## TASK BRIEF
Repeat each line of the data below exactly, but skip the pictures.

## DATA SECTION
-- Opening Marker --

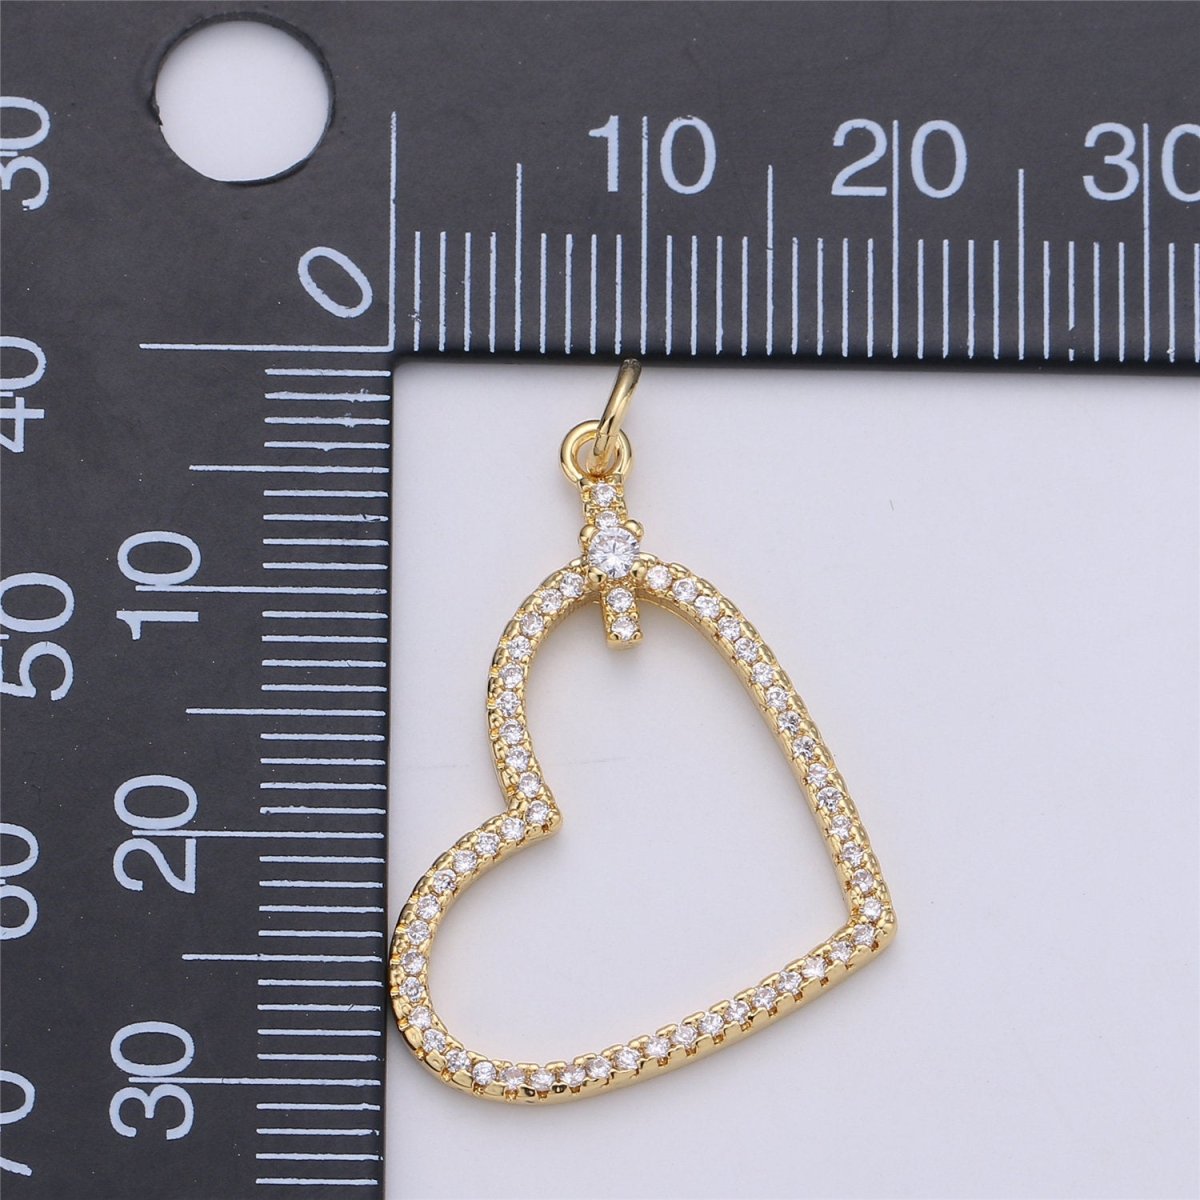 Dainty Cubic Micro Pave Hanging Heart Pendant Love Charm for Necklace Earring Bracelet Component C-736 - DLUXCA
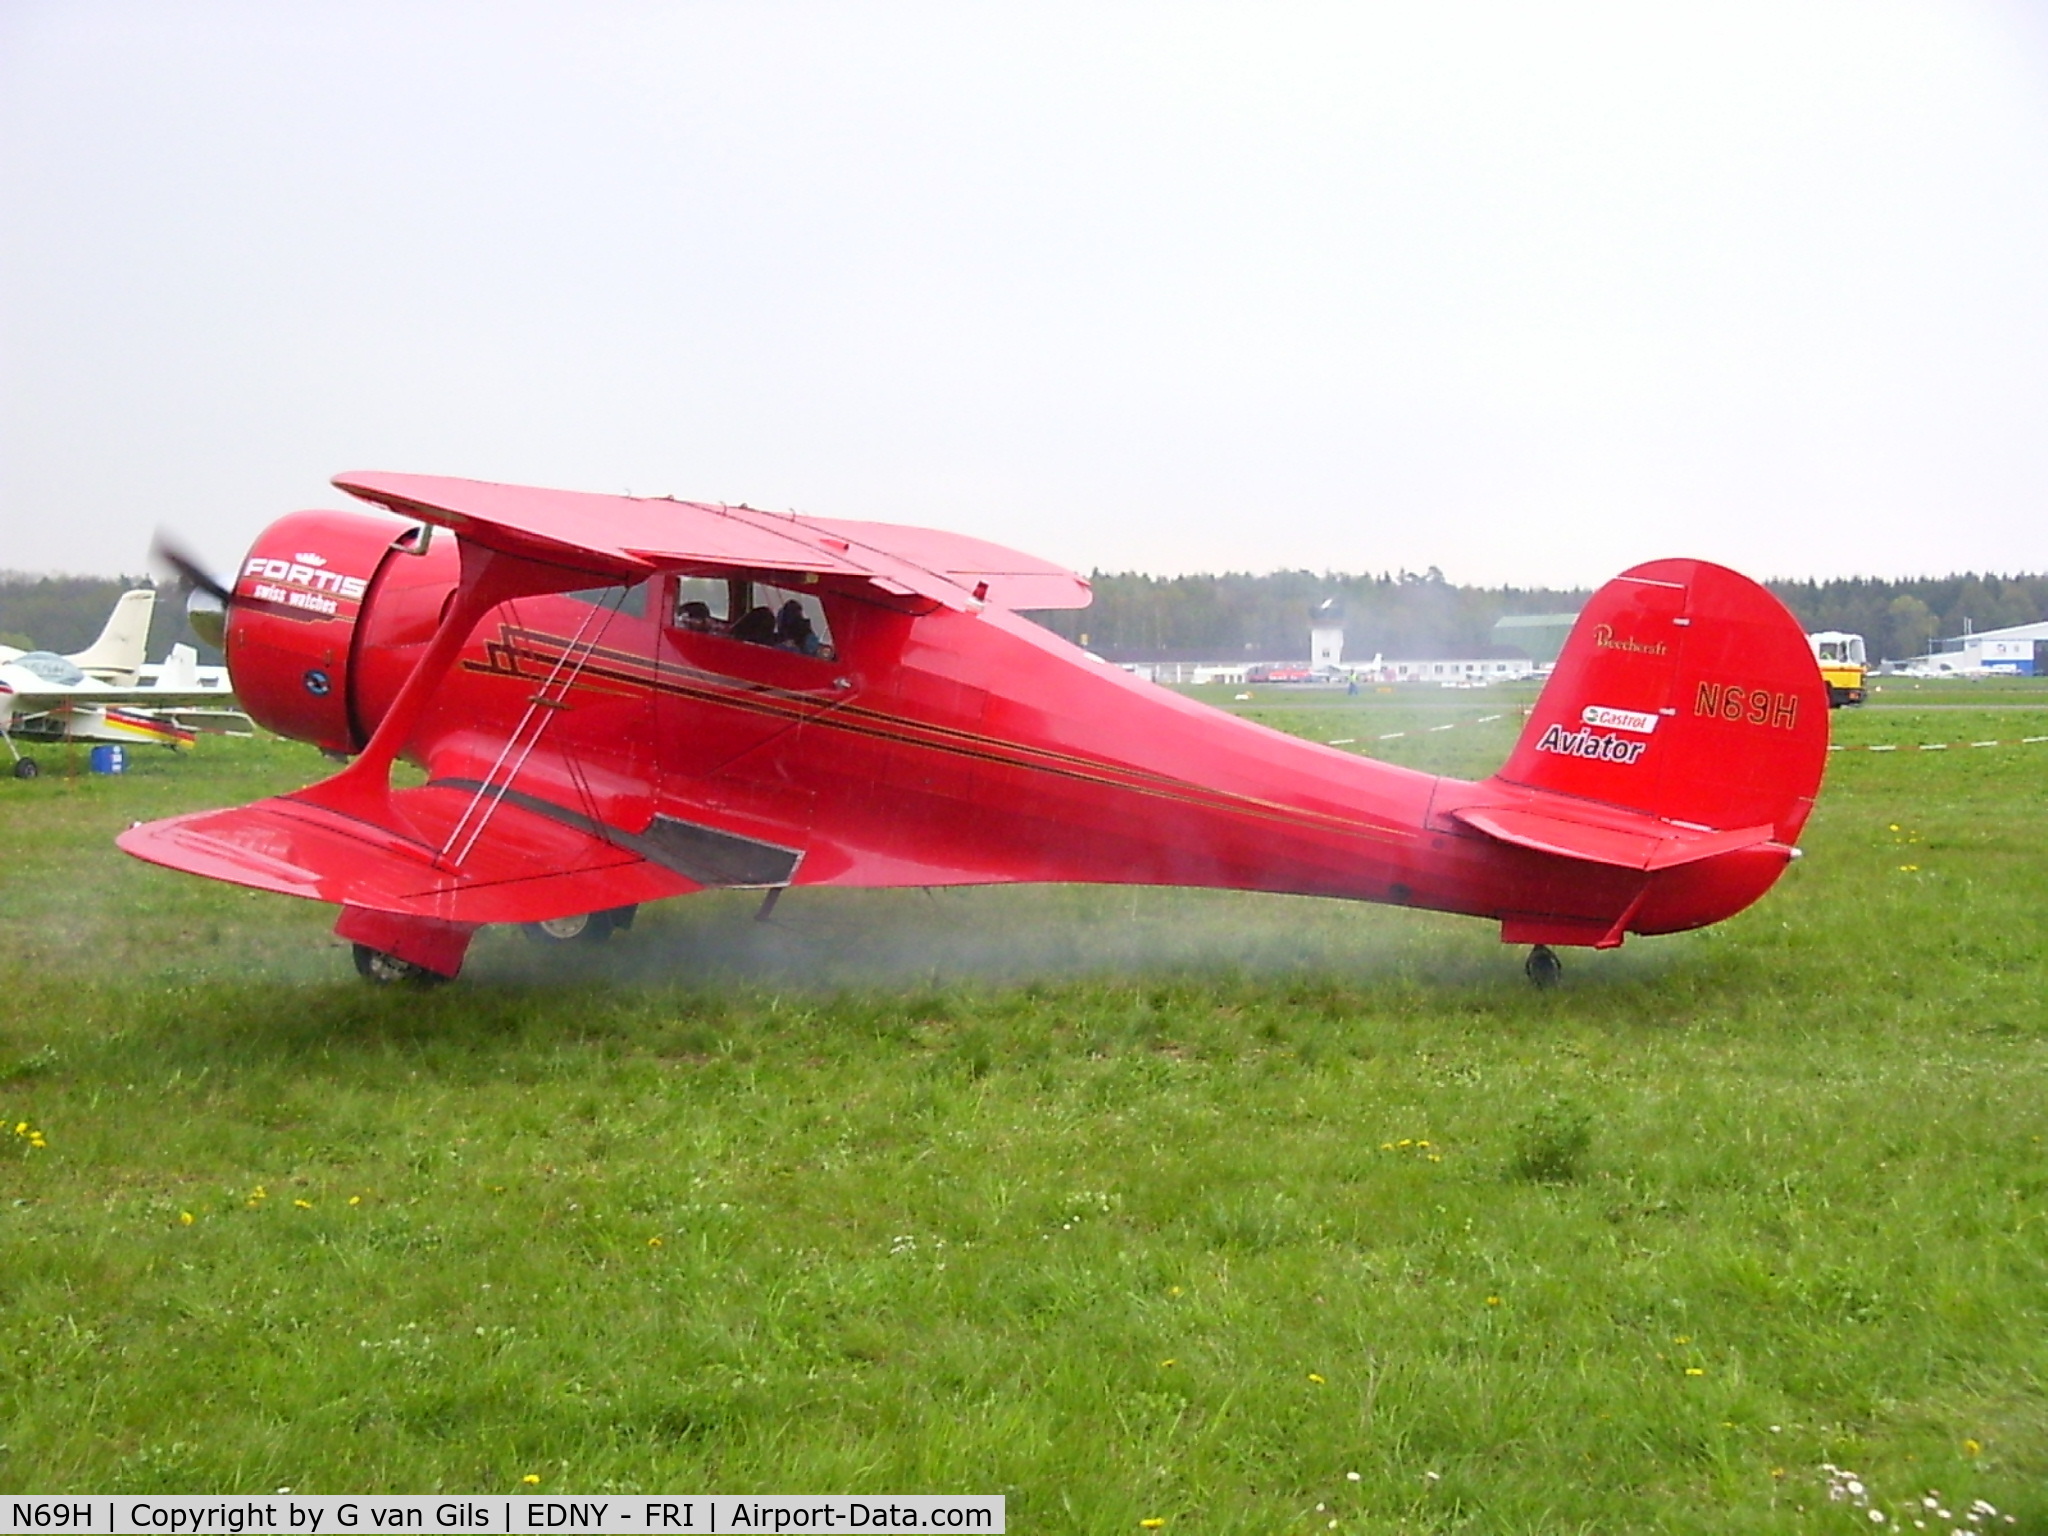 N69H, 1943 Beech D17S Staggerwing C/N 4896, Seen at the Friedrichshaven airshow (april 2005)
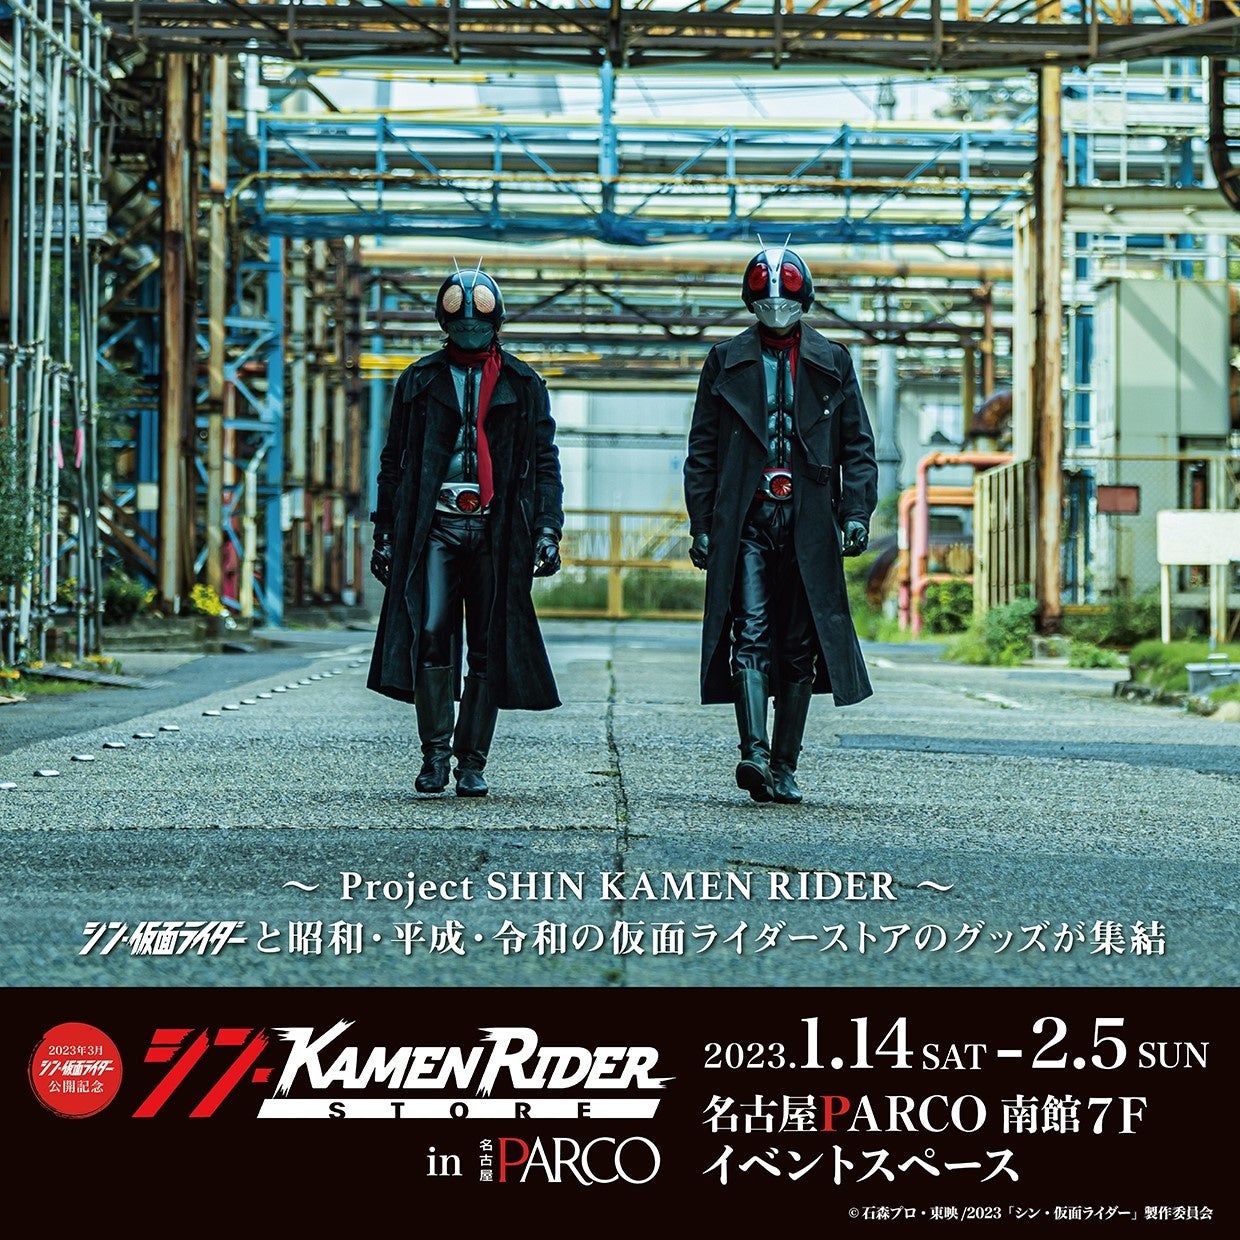 ～ Project SHIN KAMEN RIDER ～　シン・仮面ライダーストア in 名古屋PARCO　23年1月14日(土) ～ 2月5日(日) 期間限定OPEN

-- Closing Marker --

## ANSWER BELOW
 Dainty Cubic Micro Pave Hanging Heart Pendant Love Charm for Necklace Earring Bracelet Component C-736 - DLUXCA
 N69H, 1943 Beech D17S Staggerwing C/N 4896, Seen at the Friedrichshaven airshow (april 2005)
 ～ Project SHIN KAMEN RIDER ～　シン・仮面ライダーストア in 名古屋PARCO　23年1月14日(土) ～ 2月5日(日) 期間限定OPEN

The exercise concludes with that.